The sole
consolation that could be found in their plight was that in such a storm
no enemy would be likely to attack them by sea or land. Nevertheless
Laudonniere divided his force into two watches with an officer for each,
gave them lanterns and an hour glass for going the rounds, and himself,
weak with fever, spent each night in the guard-room.
On the night of the nineteenth the tempest became a deluge. The officer
of the night took pity on the drenched and gasping sentries and
dismissed them. But on that night five hundred Spaniards were coming
from San Augustin through almost impassable swamps, their provisions
spoiled and their powder soaked, under the leadership of the pitiless
Menendez. The storm had caught Ribault's fleet just as it was about to
attack on the eleventh, and Menendez had determined to take a force of
Spaniards overland and attack the fort while its defenders were away.

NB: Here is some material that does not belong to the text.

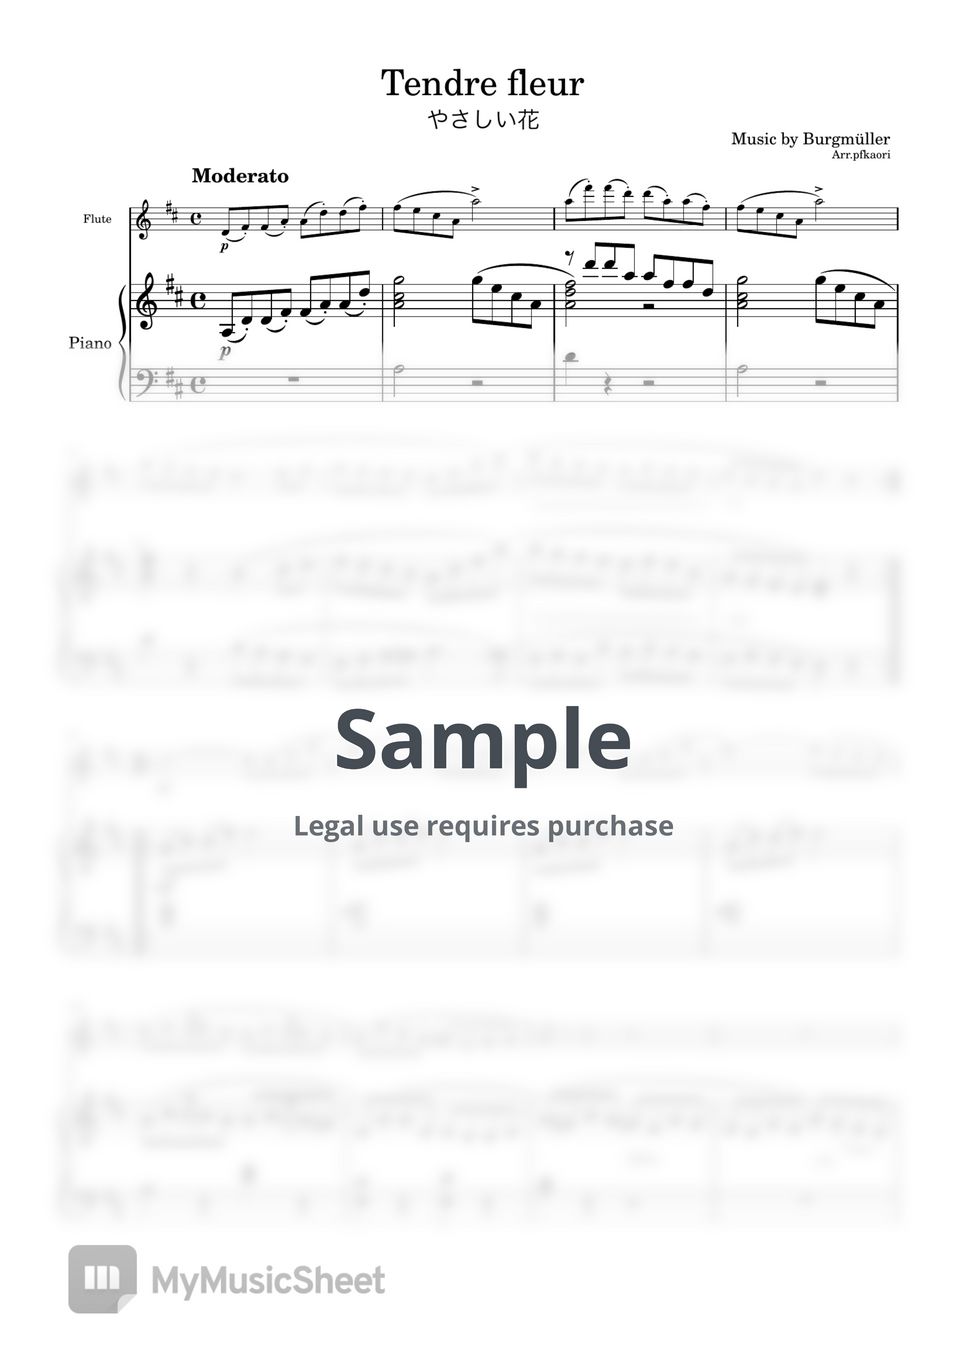 Burgmüller - Tendre fleur (flute & piano) by pfkaori
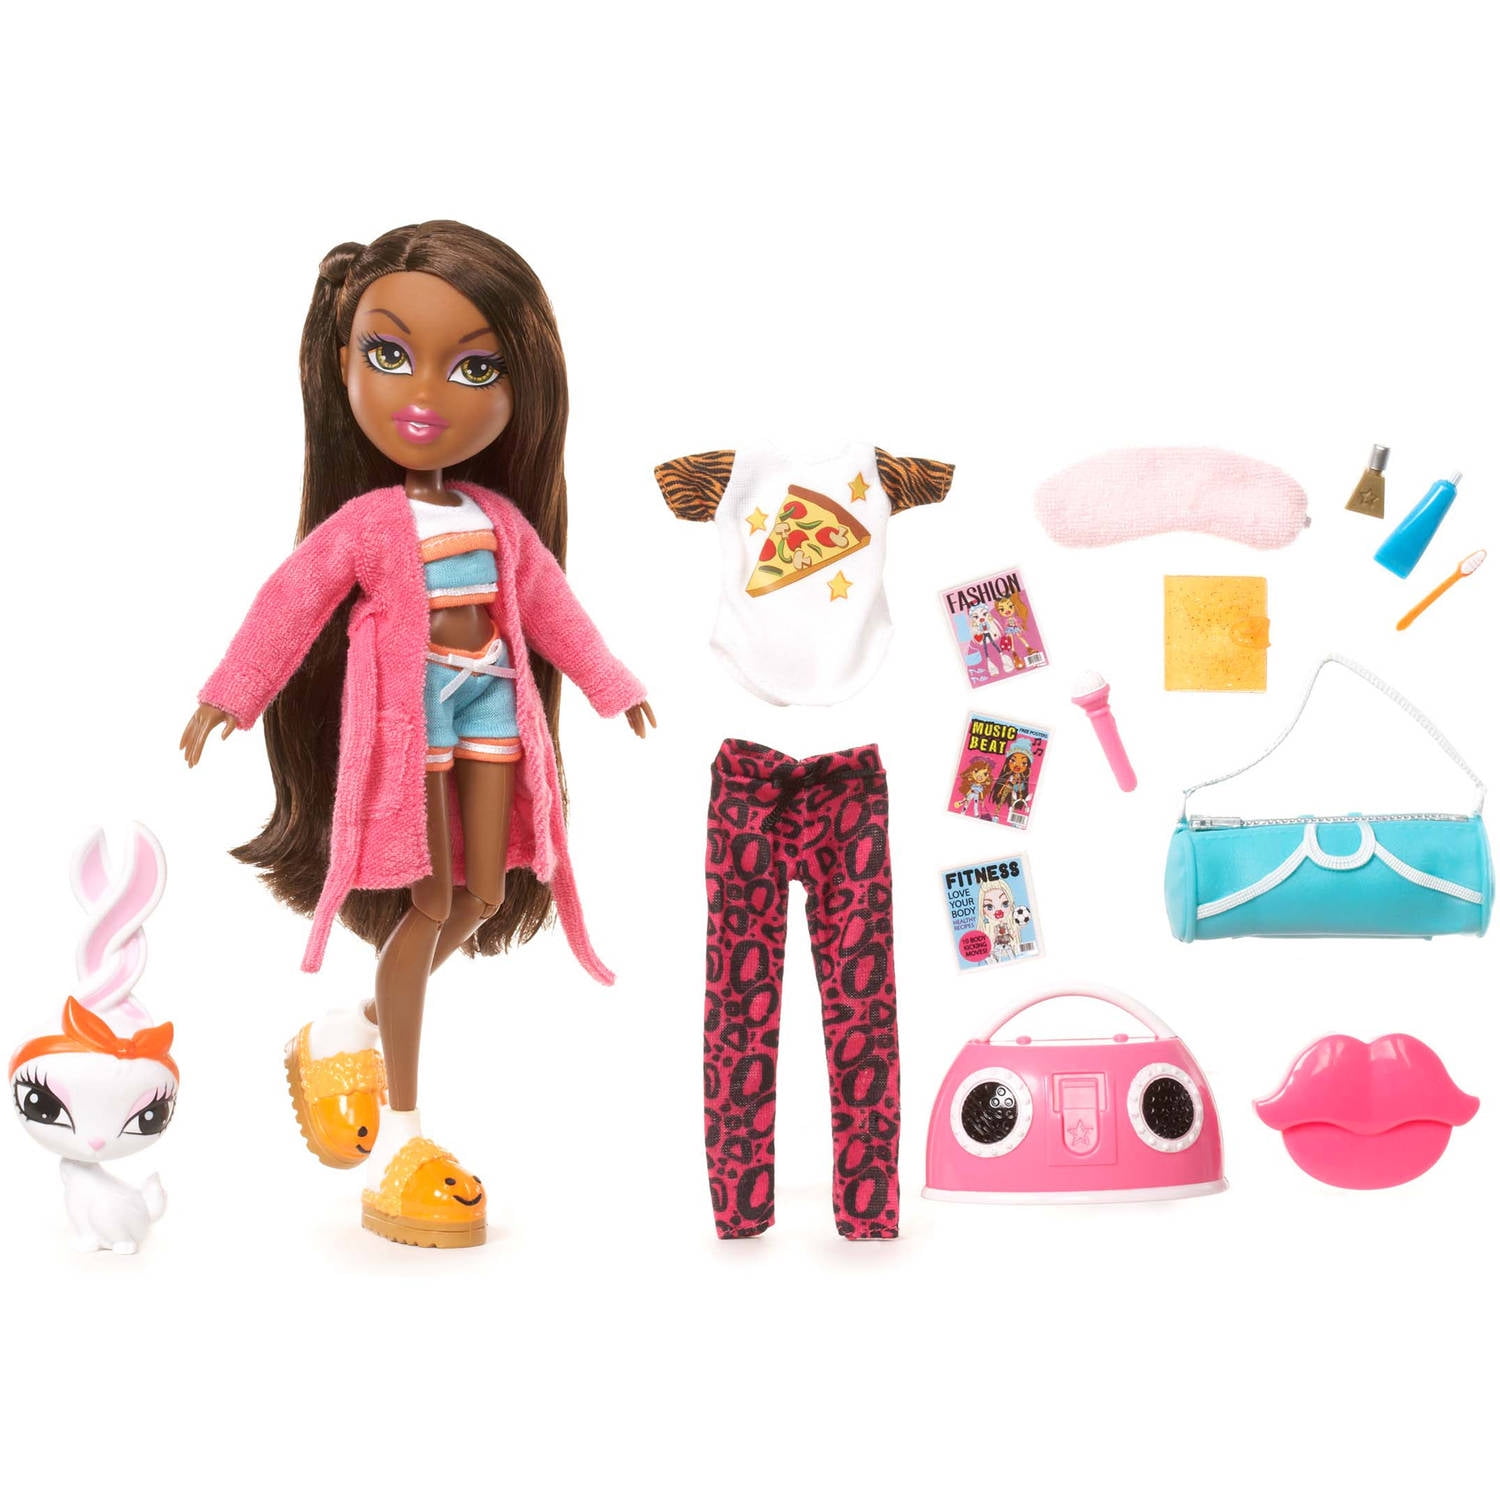 Bratz Sleepover Party Doll, Sasha, Great Gift for Children Ages 6, 7, 8+

With twenty Vizcayan axemen to clear the way and two Indians and a
renegade Frenchman, Francois Jean, for a guide, he had bullied,
threatened and exhorted them through eight days of wading through mud
waist-deep, creeping around quagmires and pushing by main force through
palmetto jungles, until two hours before daylight the panting,
shivering, sullen men stood cursing the country and their commander,
under their breath, in a pine wood less than a mile from Fort Caroline.